Tanzania also has no complaint mechanisms or channels to provide medical assistance for returning workers who faced abuse or exploitation overseas. The lack of economic reintegration policies leaves many women seeking to migrate again even if they faced abuse.

Tanzania should adopt key strategies to prevent and respond to abuse, including stringent regulation and oversight of recruitment, rights-based training programs, and adequate consular assistance including paying for flight tickets home, Human Rights Watch said.

“Tanzania should ensure that women can migrate safely for domestic work,” Begum said. “Tanzania, Oman, and the UAE should work together to prevent exploitation of migrant domestic workers, investigate abuses, and prosecute those responsible.”

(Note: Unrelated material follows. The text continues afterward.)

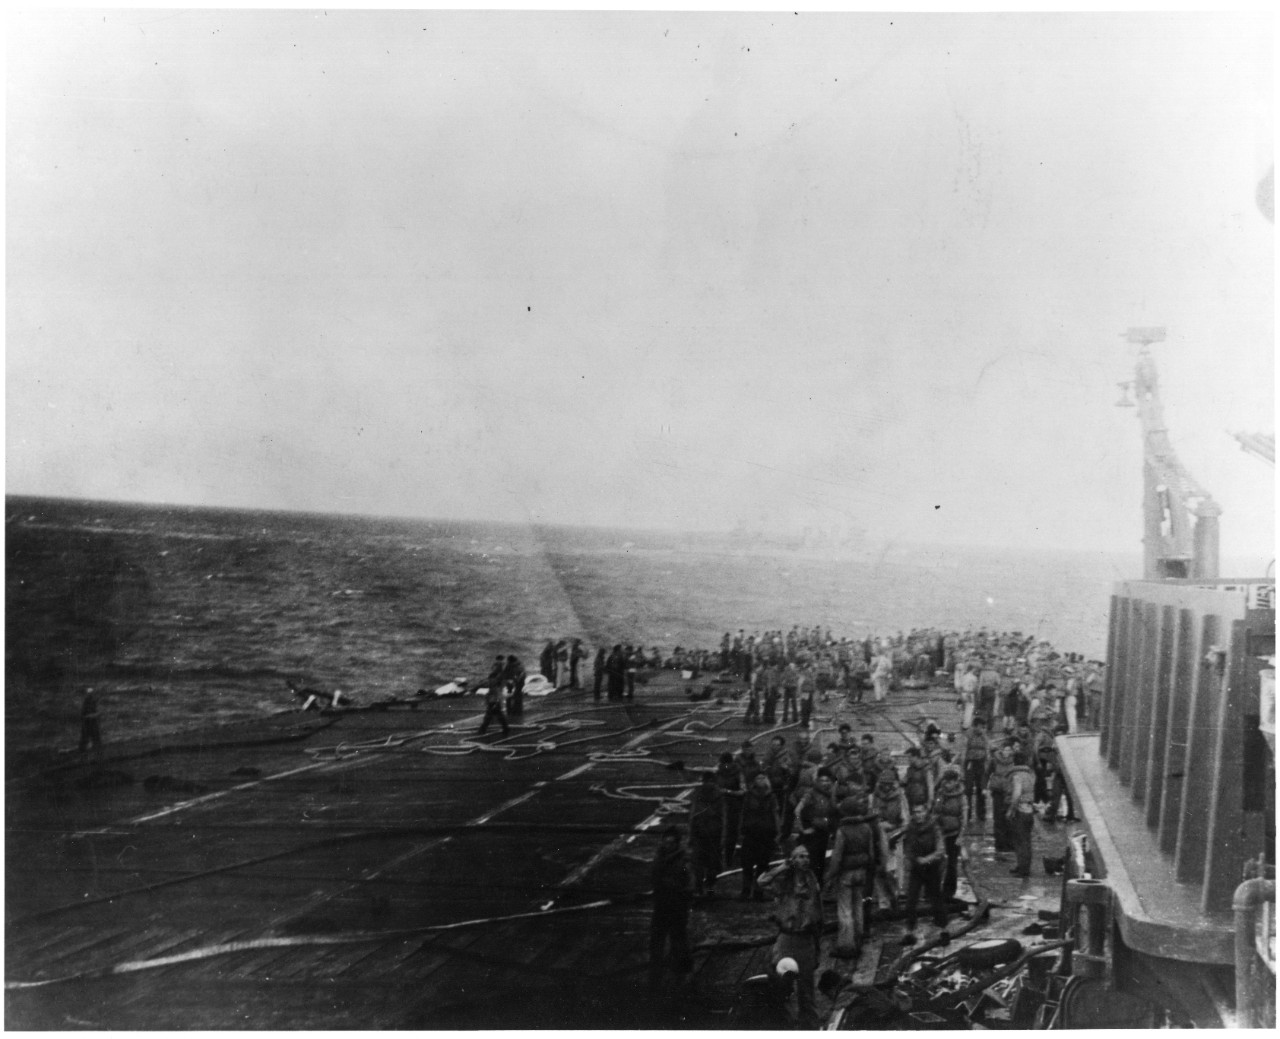 Photo #: 80-G-16811  Battle of the Coral Sea, May 1942

Selected accounts from the report:  

“Atiya Z.,” 28, from Kondowa, traveled to Oman in June 2015. She said her employer confiscated her passport and phone, forced her to work 21 hours a day with no rest or day off, did not allow her to eat without permission, and beat her every day. She attempted to flee after three weeks, but her employer brought her back and demanded that she repay recruitment costs of 2 million TZS (US$880). Afterward, she said, her employer confined her to the house. In April 2016, she said she fainted because she could not eat due to a swollen throat. When she returned from the hospital, her employers retaliated: “The woman started hitting me and said: ‘You did not come here to get sick.’ She called her sister-in-law, who came over and they stripped me naked and beat me with plastic hangers. The construction workers could hear me screaming from outside but couldn’t help. When the husband came back he took me to the room and raped me anally. After he finished raping me, they took me to the brother’s house and the next day they put me on a flight back to Tanzania. They took the money I earned, and only gave my passport back. They just left me at the airport. I was scared, traumatized, and didn’t know who to speak to.”

“Inaya R.,” 23, said in 2013 her employers in Oman did not pay her for five months but when she wanted to leave, they demanded repayment of 700 OMR (US$1,818) recruitment costs. The embassy could not find a new employer willing to pay this amount, so she went home with no salary and raised her own money to pay for her flight tickets home. “The embassy doesn’t have power to say anything,” she said.

“Hidaya Z.,” 30, said for almost two years, her employers had forced her to work 17 hours a day with no rest, and no day off, confined her to the home when they left the house, insulted her, paid her 50 OMR ($130) instead of the 80 OMR ($208) her contract required, and failed to pay her six months’ salary. In 2016, she finally fled after a male family member sexually assaulted her. She went to file a complaint with the police to get her passport back from her employer on the advice of the Tanzanian embassy in Oman. The police told her that her employer had pressed charges against her for running away.

She said: “I told the police about my problems but they didn’t care.” The police told her to pay 200 OMR ($520) or spend three months in jail. She said she returned to the embassy, where she spent three months raising the money to pay the fine. “All of my things, including the new clothes I bought for my family and my phone, I left at the [employer’s] house [when I fled] and came back as you see me,” she said.